Watpacs $146m Defence deal

CONTRACTS: Builder Watpac


has secured a $146 million contract to upgrade army bases for the Defence Department. The firm will embark on building and infrastructure upgrades at 16 bases in Queensland, NSW, the ACT and Victoria. Watpac chief executive Martin Monro said the program of works would be extensive and include facility upgrades, civil works and enhancements to security and visitor management.

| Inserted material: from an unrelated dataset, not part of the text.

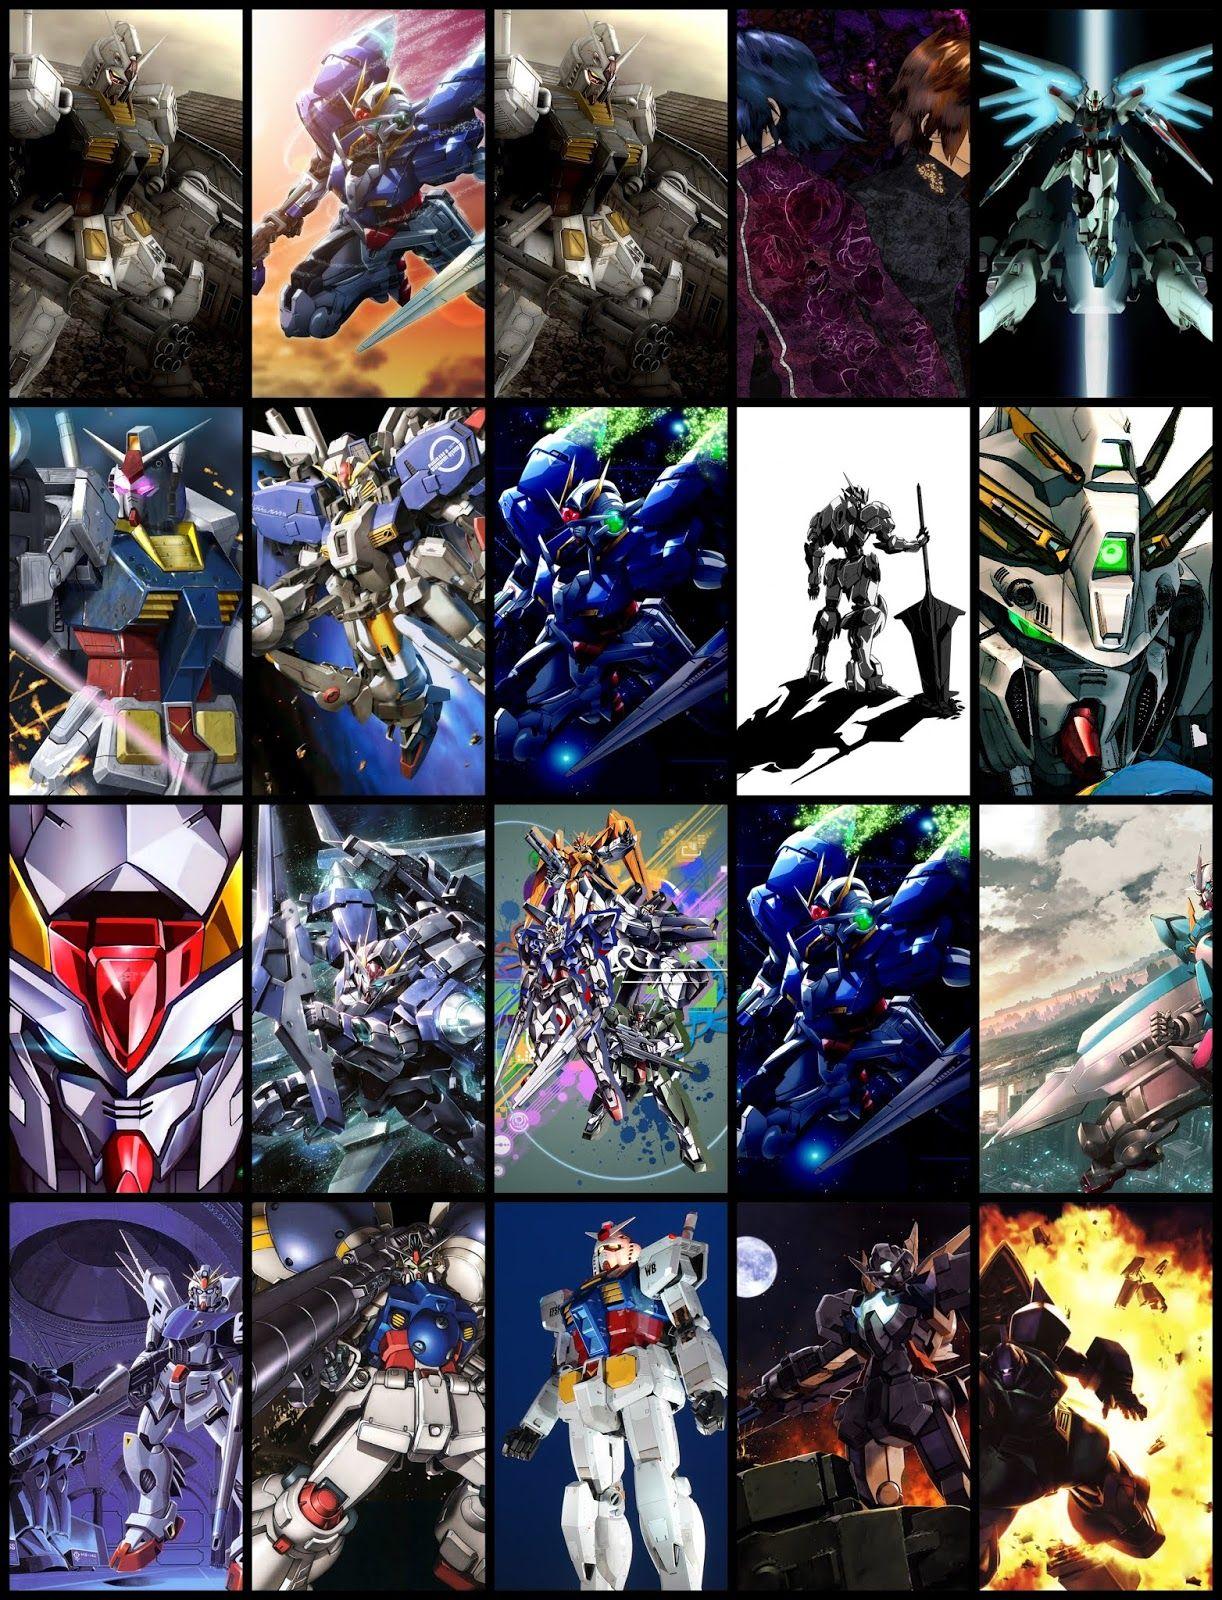 Gundam Wallpaper Pack For Android Phone (Part 04) Gundam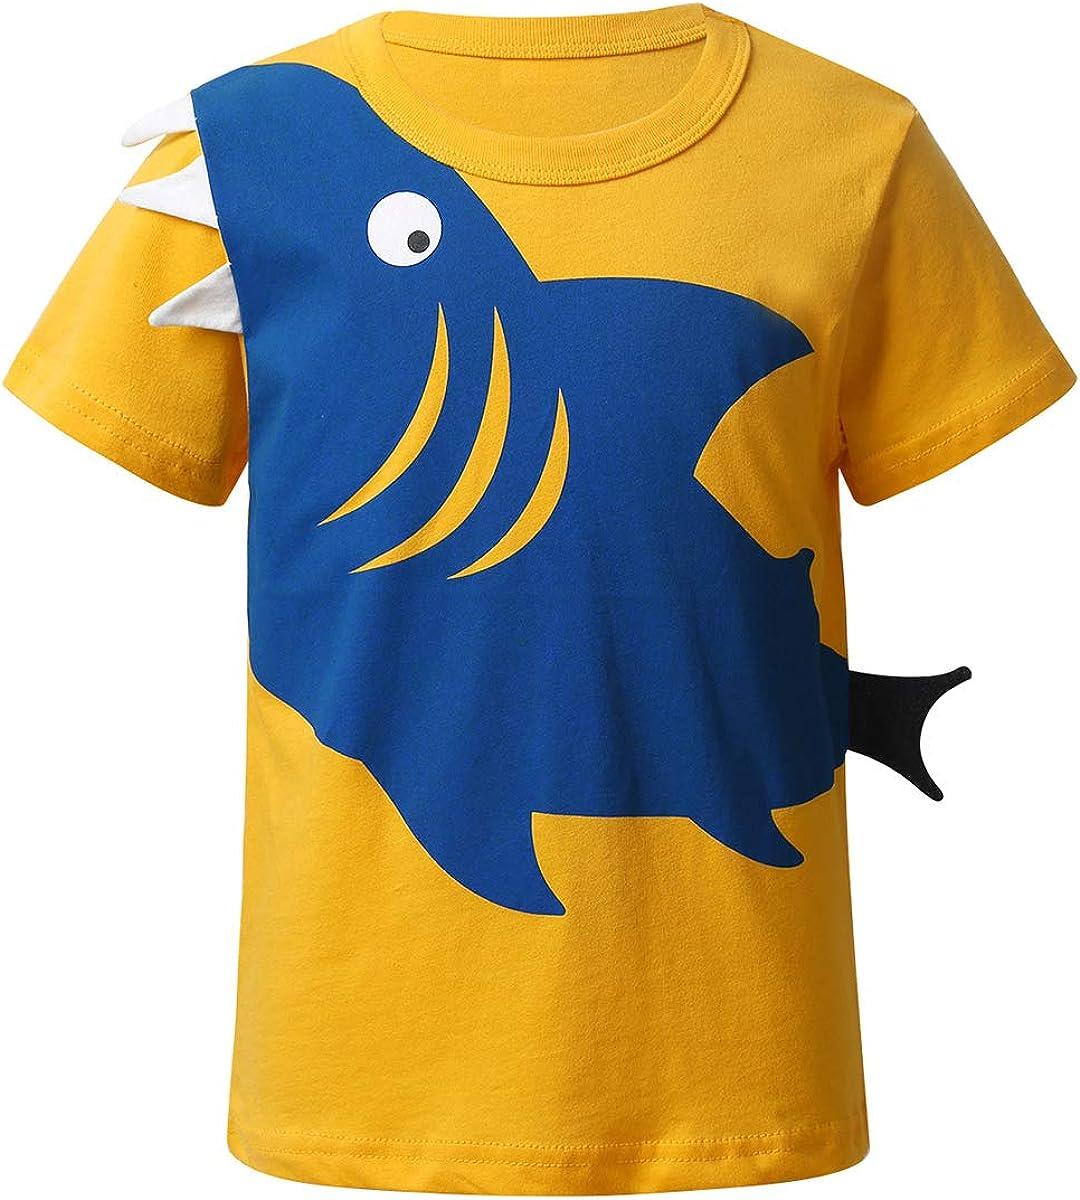 MSemis Kids Boys Shark Short Sleeve T Shirts Cotton Tank Top Summer Casual Wear Party Tees

Work would start this month and was expected to be finished by the end of next year, he said. Watpac will deploy specialist

teams totalling about 400 workers to deliver the construction program, with the upgrades to be delivered across as many as eight bases at any one time, he said. Already, Watpac is delivering more than 3000 new accommodation units across 14 Australian Defence Force bases through the Plenary Living consortium. Some of Watpacs major projects include the $600m One Central Park, Park Lane and The Mark development in Sydney and the $206m commercial tower development at 180 Ann Street in the Brisbane CBD.